The Justice Tinuade Akomolefe Wilson-led three-man panel took the decision after hearing submissions by parties to the matter.

Dissatisfied with the decision of the Federal High Court, Abuja declining jurisdiction to entertain his ‘grievance,’ Agi headed for the appellant court with seven grounds of appeal over the issue of age falsification against the governor.

Justice Abdul Kafarati had on July 31, 2015 in Suit No. FHC/ABJ/CS/25/2015 between Agi, SAN v. PDP and two others dismissed the case.

In the notice and grounds of appeal, Agi averred that “the learned trial judge erred in law and thereby occasioned a miscarriage of justice to the appellant when he declined jurisdiction and held that “the issue of payment of non-payment (sic) of subscription fees by a member of political party is an internal affair of the party concerned for which the court do not have jurisdiction to entertain”.

He argued that “the issue of non-payment of subscription fees by the third respondent (Ayade) is an infraction to the binding constitution and guidelines of the first respondent which is a condition precedent for qualification and must be fulfilled by an aspirant of the party to the gubernatorial election and the court has jurisdiction to entertain a suit founded on complaint relating to non-compliance with the constitution or guidelines of the first respondent (PDP) as a political party.

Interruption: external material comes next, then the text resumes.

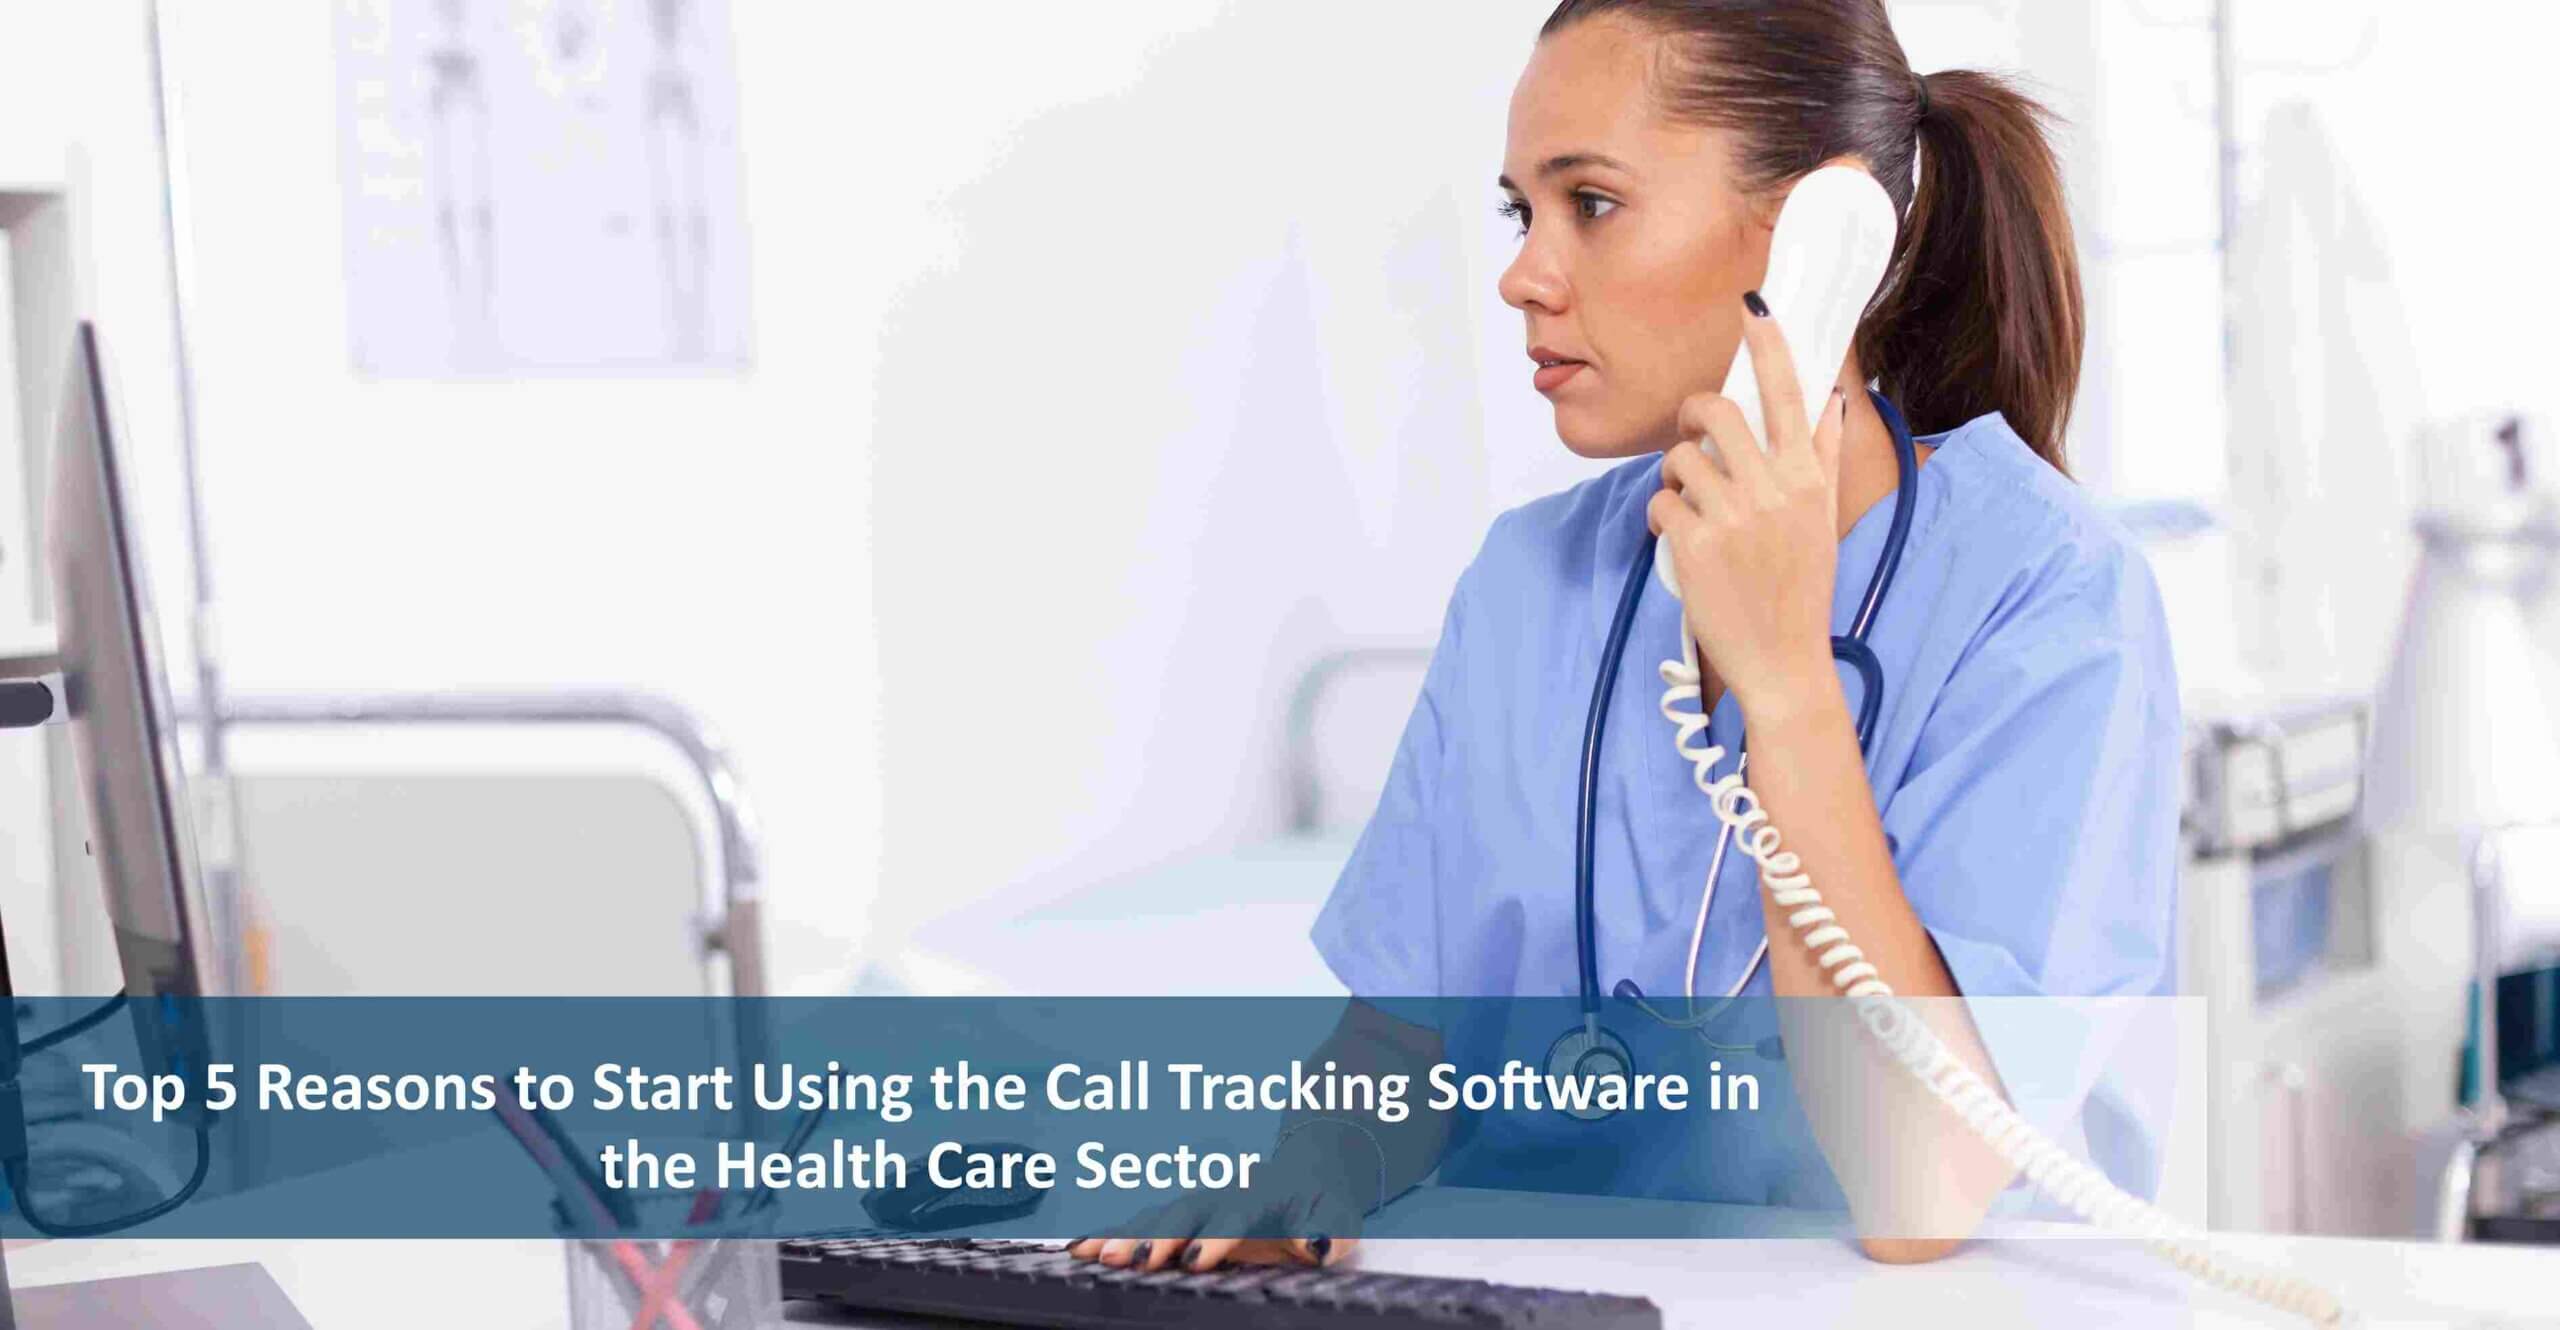 Top 5 Reasons to Start Using the Call Tracking Software in the Health Care Sector

“The decision of the lower court upholding the preliminary objections of the 1st and 3rd respondents only dealt with the one ground of the appellant’s case without considering the ground of the appellant’s case bordering on presentation of conflicting age(s) declaration by the 3rd respondent to the 1st respondent contrary to Article 14 (b) and 15 (2) of the Electoral Guidelines for the Primary Elections 2014 of the Peoples Democratic Party (Exhibit JA5) and the Electoral Act.”

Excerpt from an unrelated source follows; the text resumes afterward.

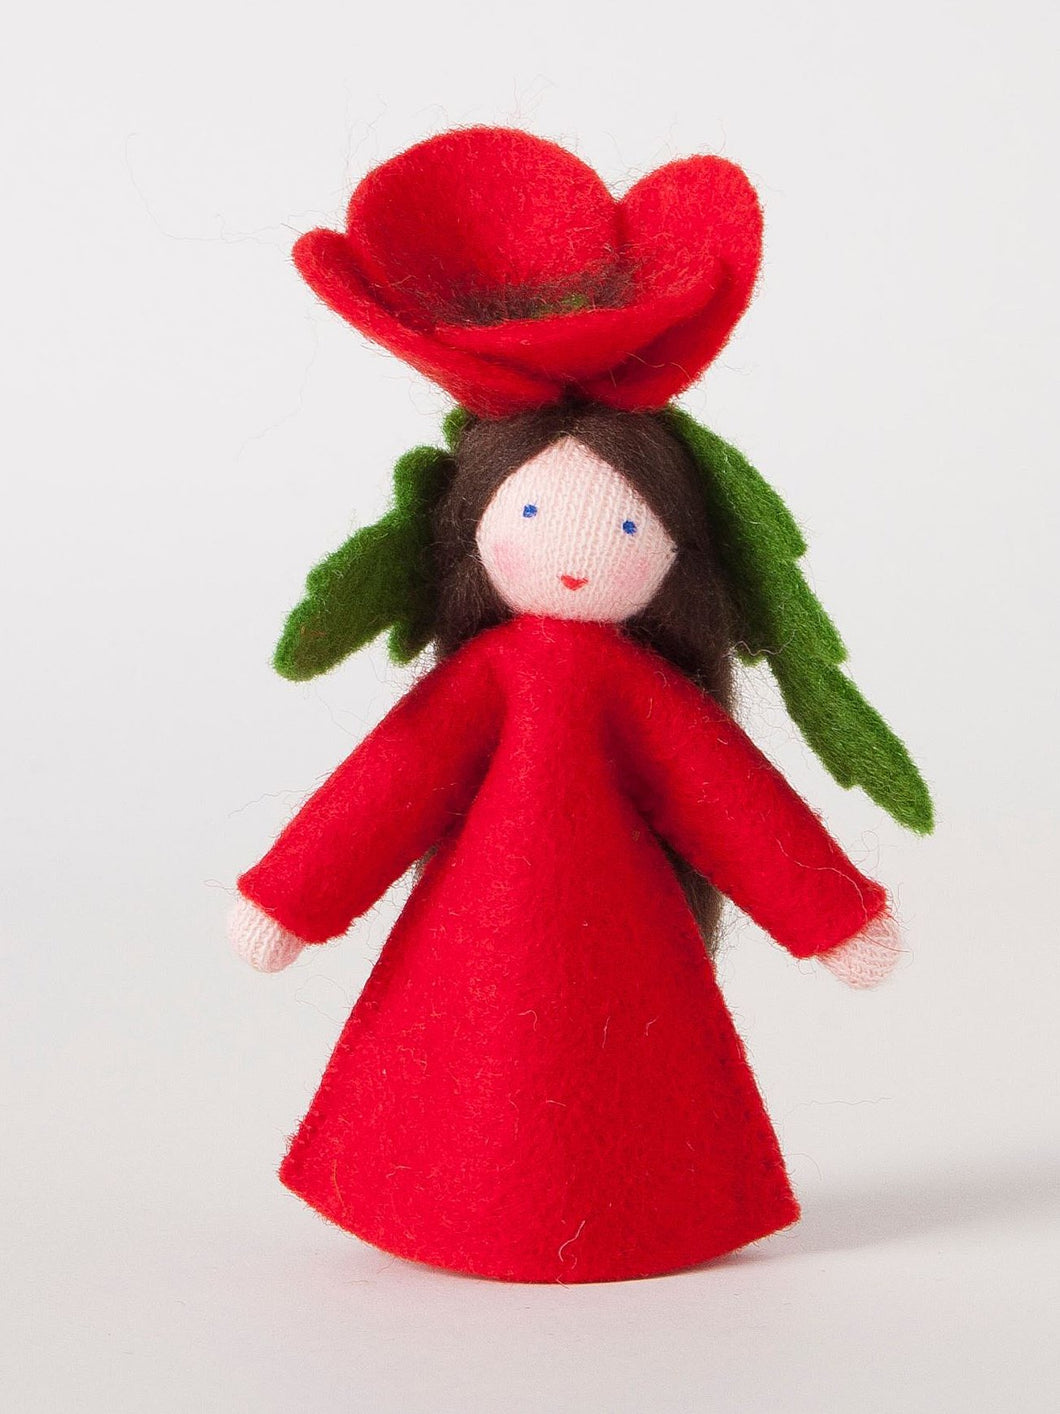 Red Poppy Fairy Felted Waldorf Doll - Four Skin Colors

He said for the lower court to rely on “the decision of the Supreme Court in Ardo v. Nyako (2014)…is not applicable to the facts of the present case as the applicant in Ardo’s case did not participate in the party’s primaries which he complained against whereas the present appellant participated in the party’s primaries/choosing process and as such has the locus to complain about the non-compliance with the party’s constitution and guidelines. The decision of the Supreme Court in Ukachukwu v. PDP (2014) 17 NWLR (Part 1435) 134 is on all fours with the facts of the appellant’s case and should have been applied and relied upon by the lower court”.

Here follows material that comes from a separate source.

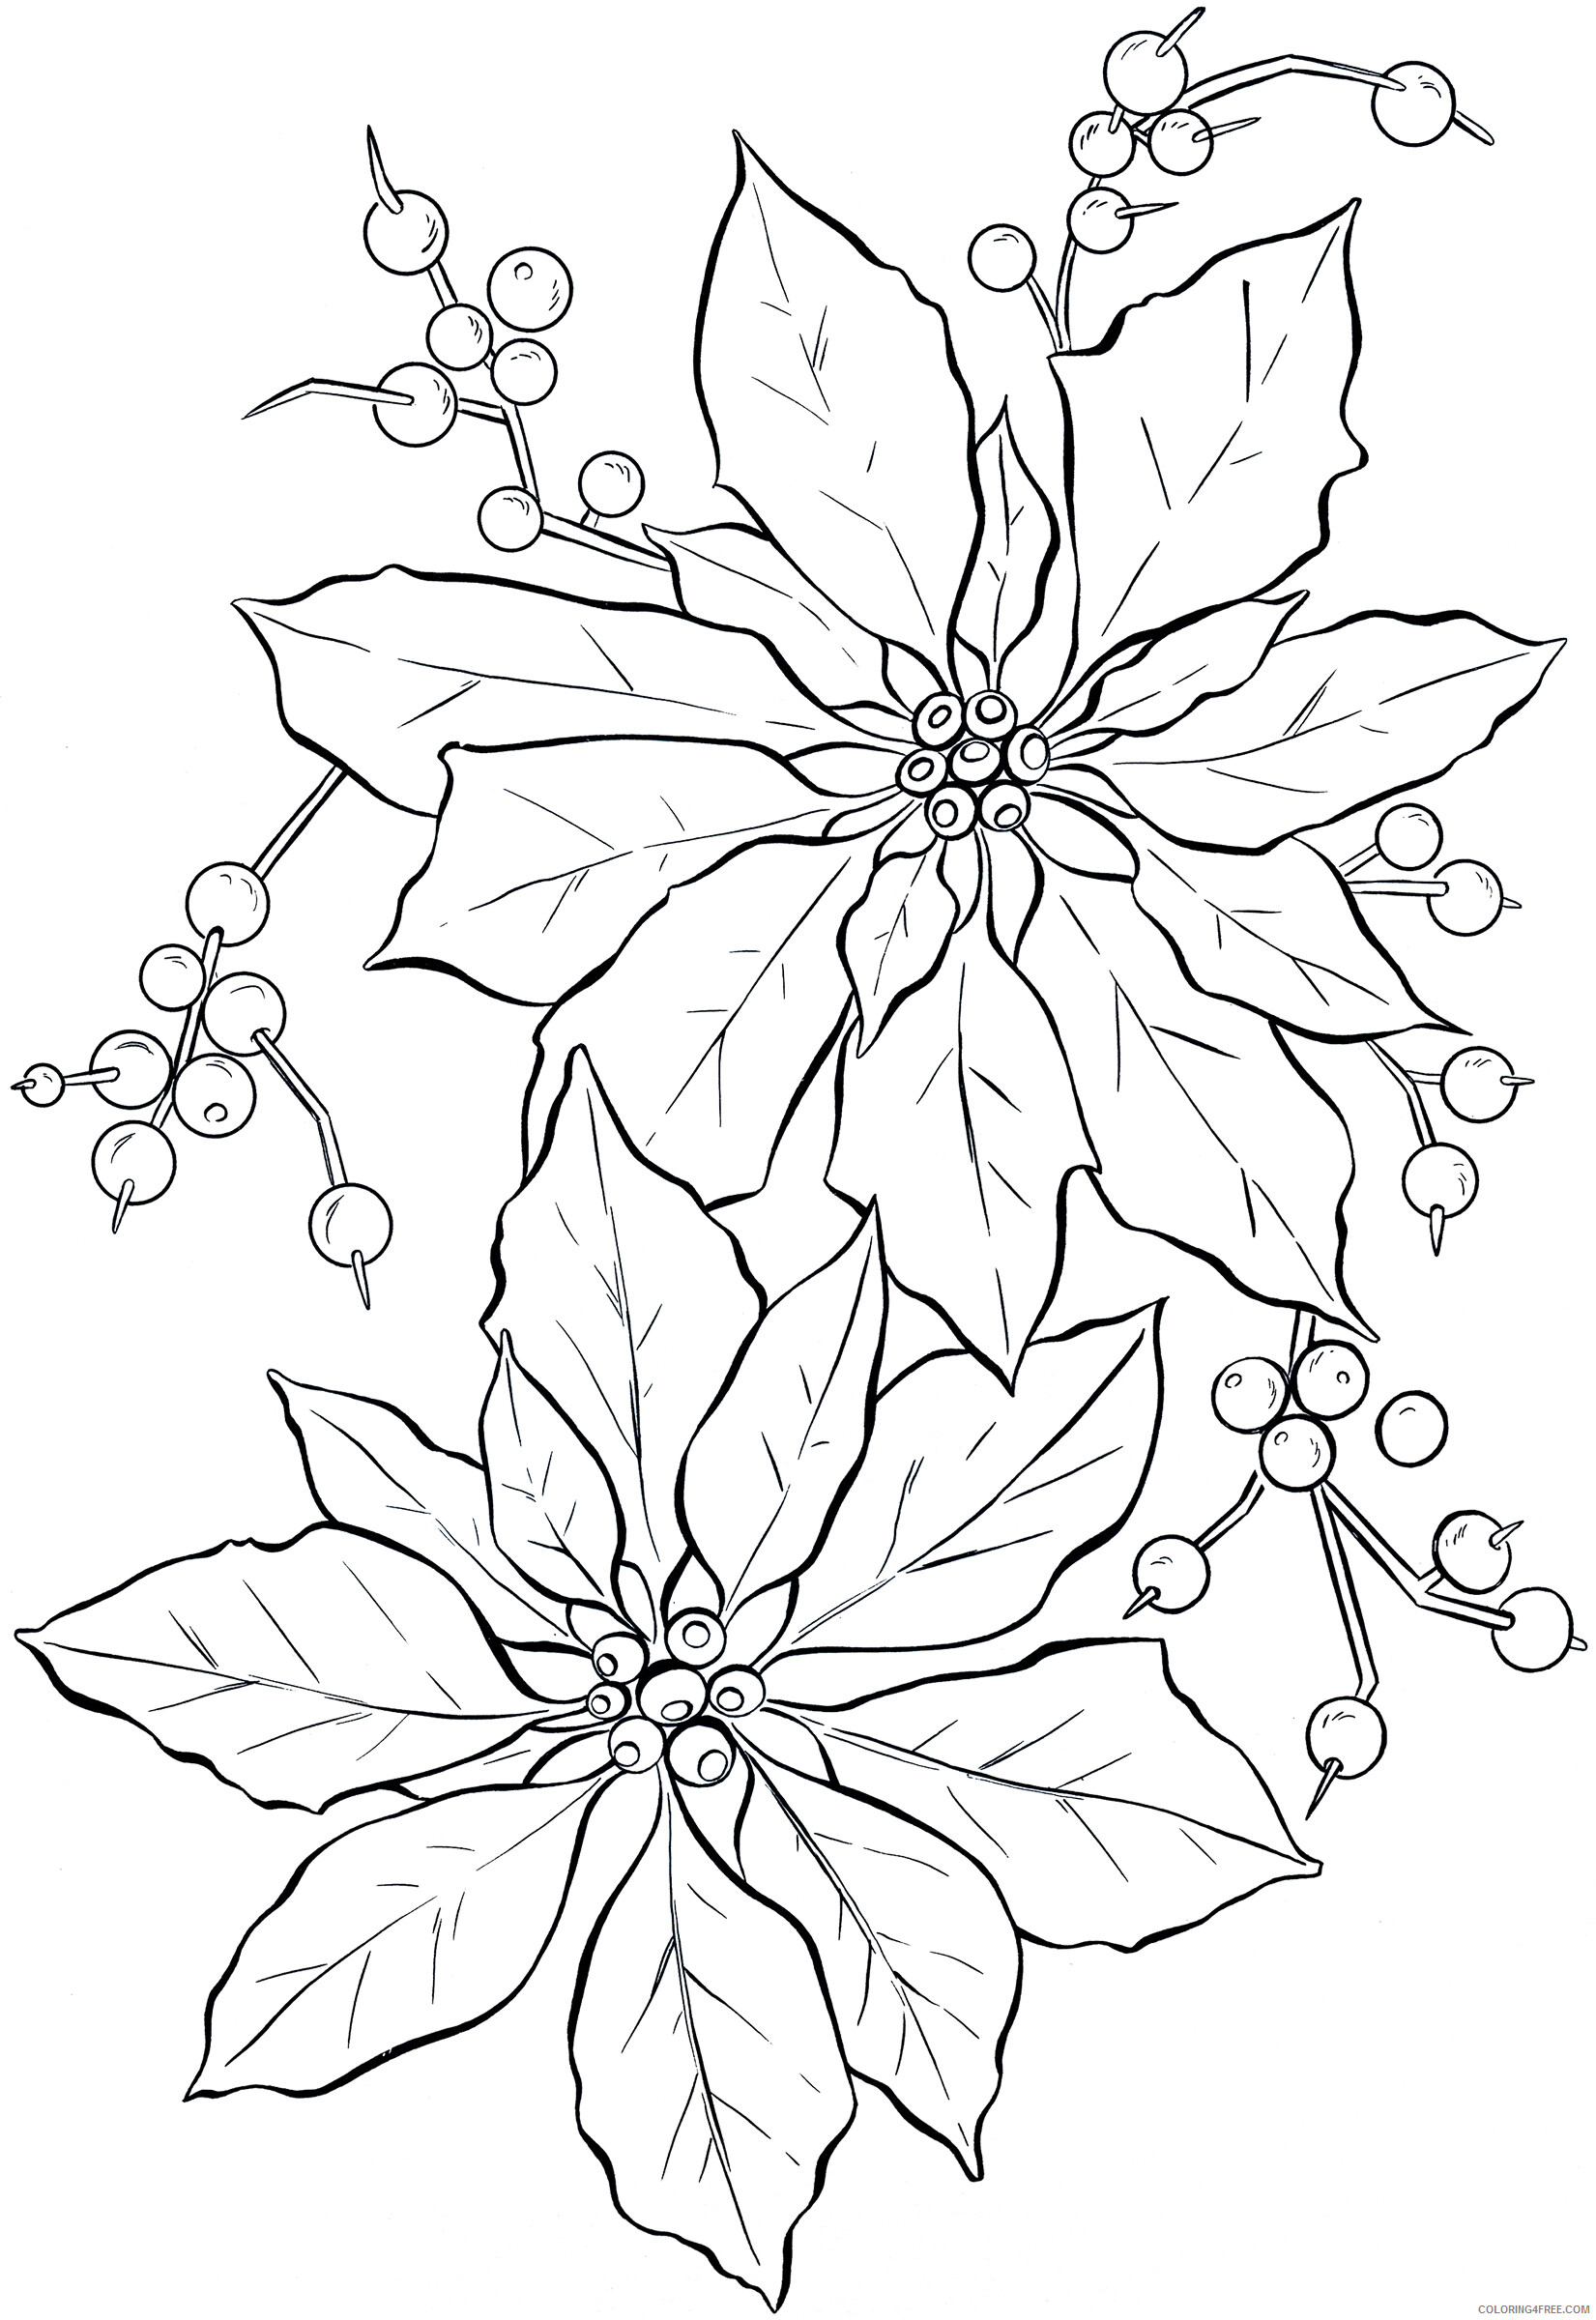 Poinsettia Coloring Pages Flowers Nature of Poinsettia Printable 2021 300 Coloring4free

Agi further averred that the “learned trial judge misdirected himself in law when he predicated his decision on a point not validly raised by any of the parties when he held that: ‘the second issue raised by the plaintiff (Agi) borders on criminality, to wit, forgery and perjury. I do not want to waste time on this. It is trite that both forgery and perjury being criminal offences have to be proved beyond reasonable doubt. This suit was commenced by way of originating summons. It is impracticable to prove these by way of affidavit evidence. …”

But in his appeal, Agi said: “The issue of forgery and perjury never arose from the pleadings or evidence of any of the parties. The 1st respondent raised the issue of forgery and perjury for the first time in its oral submission in adumbration of his address without any scintilla of pleadings or evidence backing same.

He continued: “The lower court brushed aside the mandatory provisions of Articles 14 (b) and 15(2) of the Electoral Guidelines for the Primary Elections 2014 of the Peoples Democratic Party (Exhibit JA5) and Section 87 (10) of the Electoral Act, 2010 (as amended) in order to do justice which consequently occasioned grave miscarriage of justice to the appellant”

“The issue of conflicting and contradictory declaration of age(s) by the 3rd respondent only raised question of non-compliance with mandatory provisions of applicable laws and guidelines of the 1st respondent and has nothing to do with forgery and/or perjury to be proved beyond reasonable doubt as erroneous held by the lower court”.

The lower court, according to Agi, erred in law when it held inter alia that “it was not pointed out by the plaintiff which document was forged. All these need to be properly investigated which had not been done.”